Depression jokes
Depressed procrastinators feel like they wanna kill themselves sometime soon.
A man walks into a bar and says, "I'm feeling depressed. What do you have to cheer me up?"
The bartender replied: "A shotgun."
What's the depressed person's favorite song?
Van Halen - Jump
Nike isn't helpful for suicidal people. You can't tell them to "Just Do It."
Suicide isn't funny, but you can spice it up by wearing a fun hat.
The suicide hotline didn't even give me advice on how to kill myself. Not helpful at all.
Why did the depressed person rob a bank? Because you're not killing yourself if a cop does it for you!
How do you tell if someone is depressed?
The brains on the wall.
I laughed at my life so hard.
I just read an article that Texas is number one in the nation for both depression and infidelity in relationships.
It's a sad state of affairs.
Friend: How's it going?
Me: Good, things are good!
Parent: How are you?
Me: Oh, I'm fine!
Twitter: Compose new tweet?
Me: Hellooooo, I would like to tell you about my anxiety & my current greatest fears & let's talk about the impending apocalypse while we're at it.
Two friends fighting.
Friend 3: "Cut it out, you two!"
Friend 4: "It wouldn't help if they cut it out... Believe me... I've tried..."

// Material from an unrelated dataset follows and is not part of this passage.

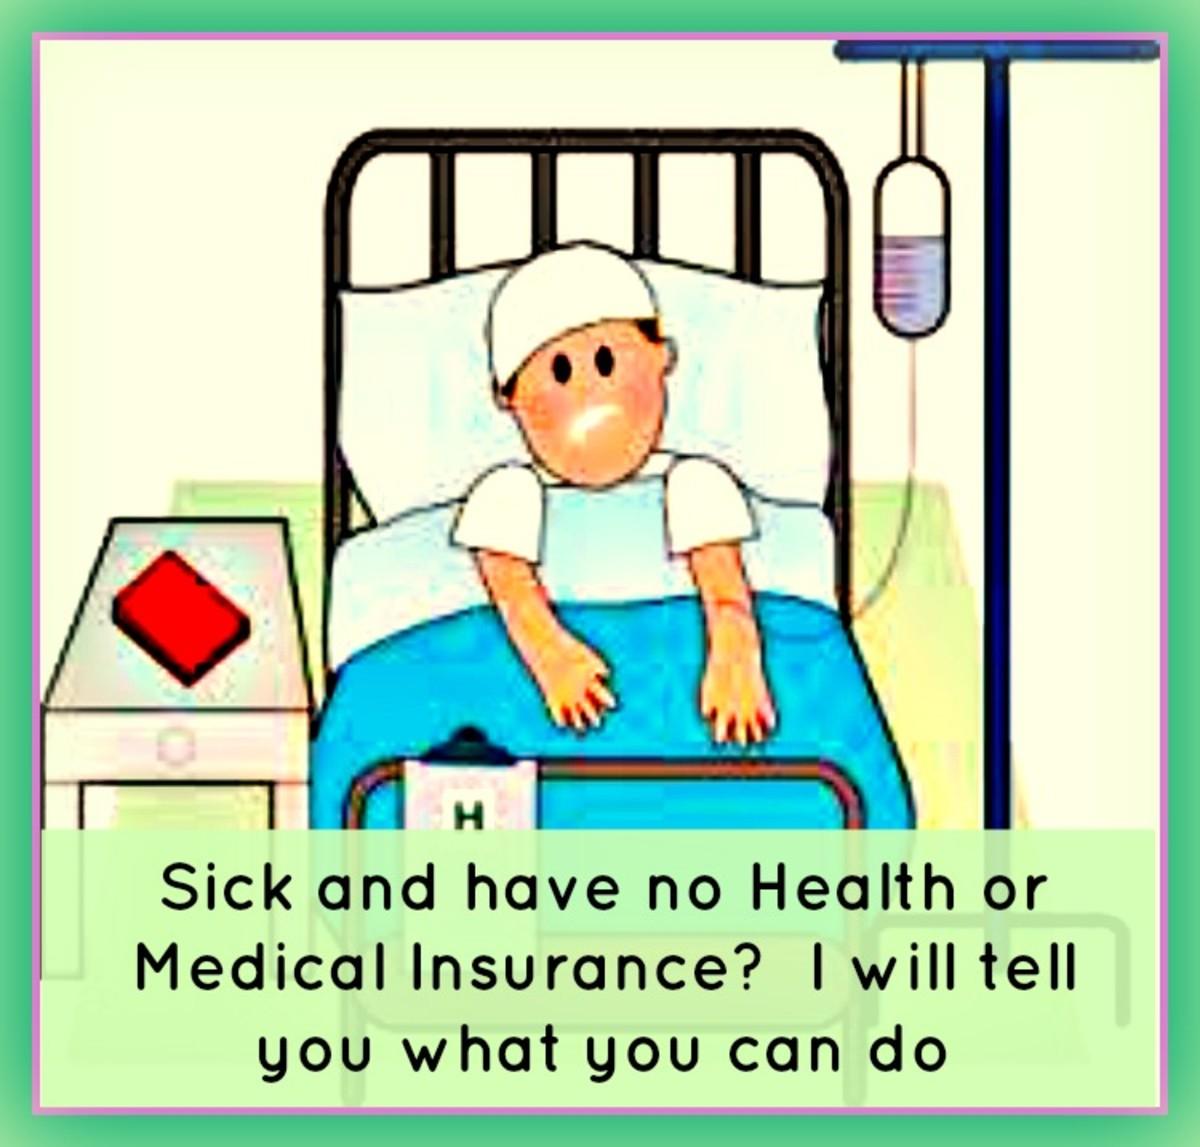 how to make sick go away

It's still depression, by the way.
A depressed guy walks into a bar and says, "Can I get shot?"
The bartender then says, "You mean, can you get a shot, right?"

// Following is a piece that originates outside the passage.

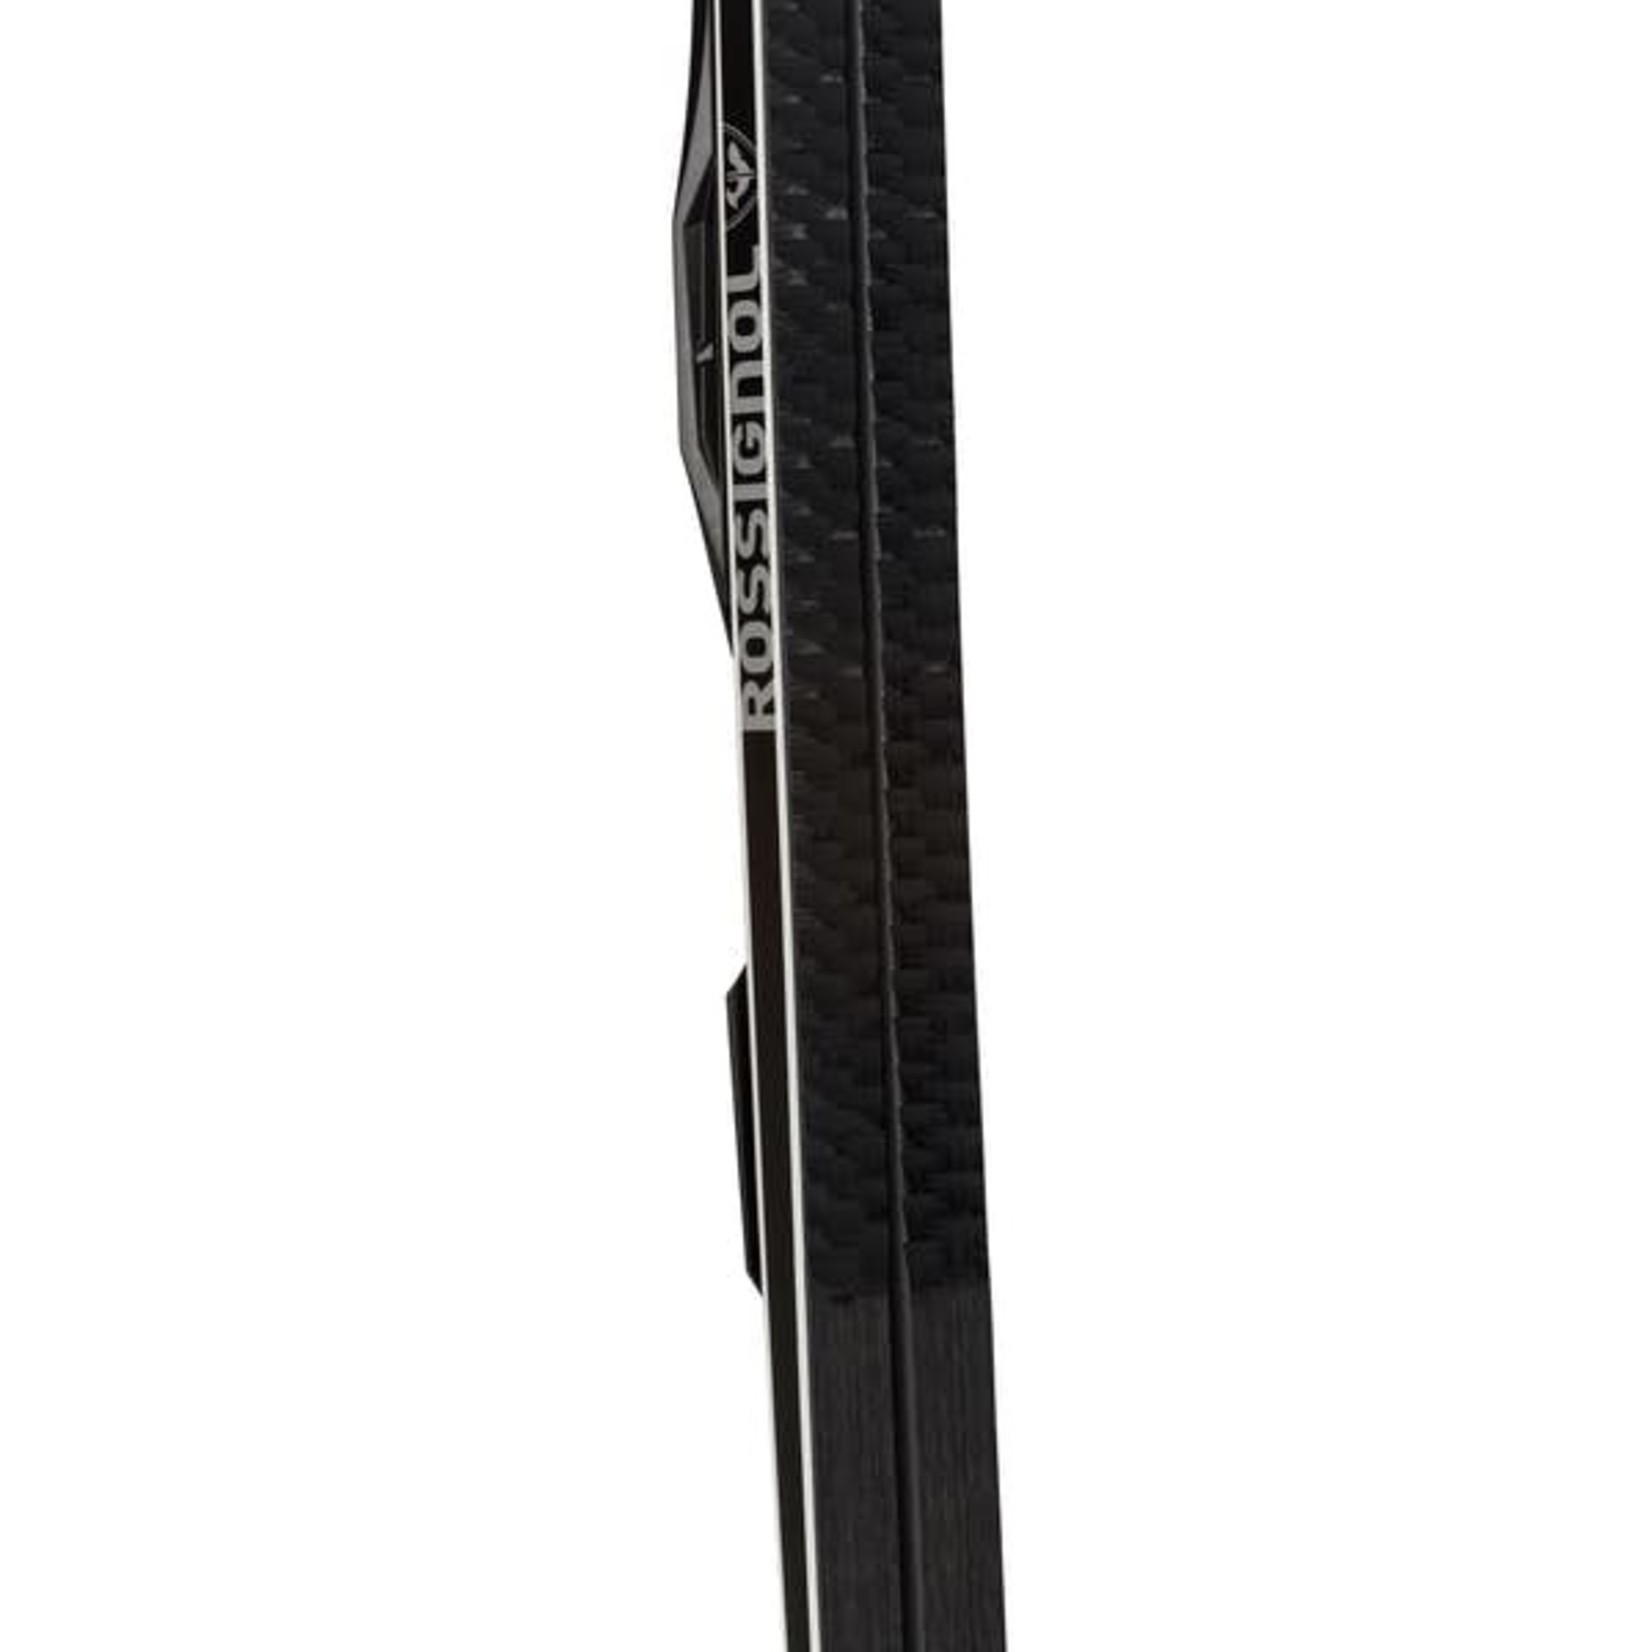 Rossignol Ski de Fond Rossignol Evo XT 50

The bartender then says, "Well... what drink would you like?"
The depressed guy then responds with, "No, I really want to get shot."
Happiness belonged to you, then gave you depression.
Someone: When you suffer from depression and someone tells you to cheer up.
Me: My, what a great idea! Why didn't I think of that? ;)
"Why didn't the boy pick up his ice cream?" - Margaret
"Why?" - Depressed boy
"Because he got ran over." - Margaret
"I wish that was me." - Depressed boy
Which way is quicker to die? Noose or slitting my throat?
A priest sees a man about to commit suicide. The man says, "I have nothing to live for here. I will die, go to Heaven, and get 72 virgins." Then the priest says, "No need for this. I will take you to the local elementary school."
Less depresso, more espresso, I'm still depressed, but now I'm fast.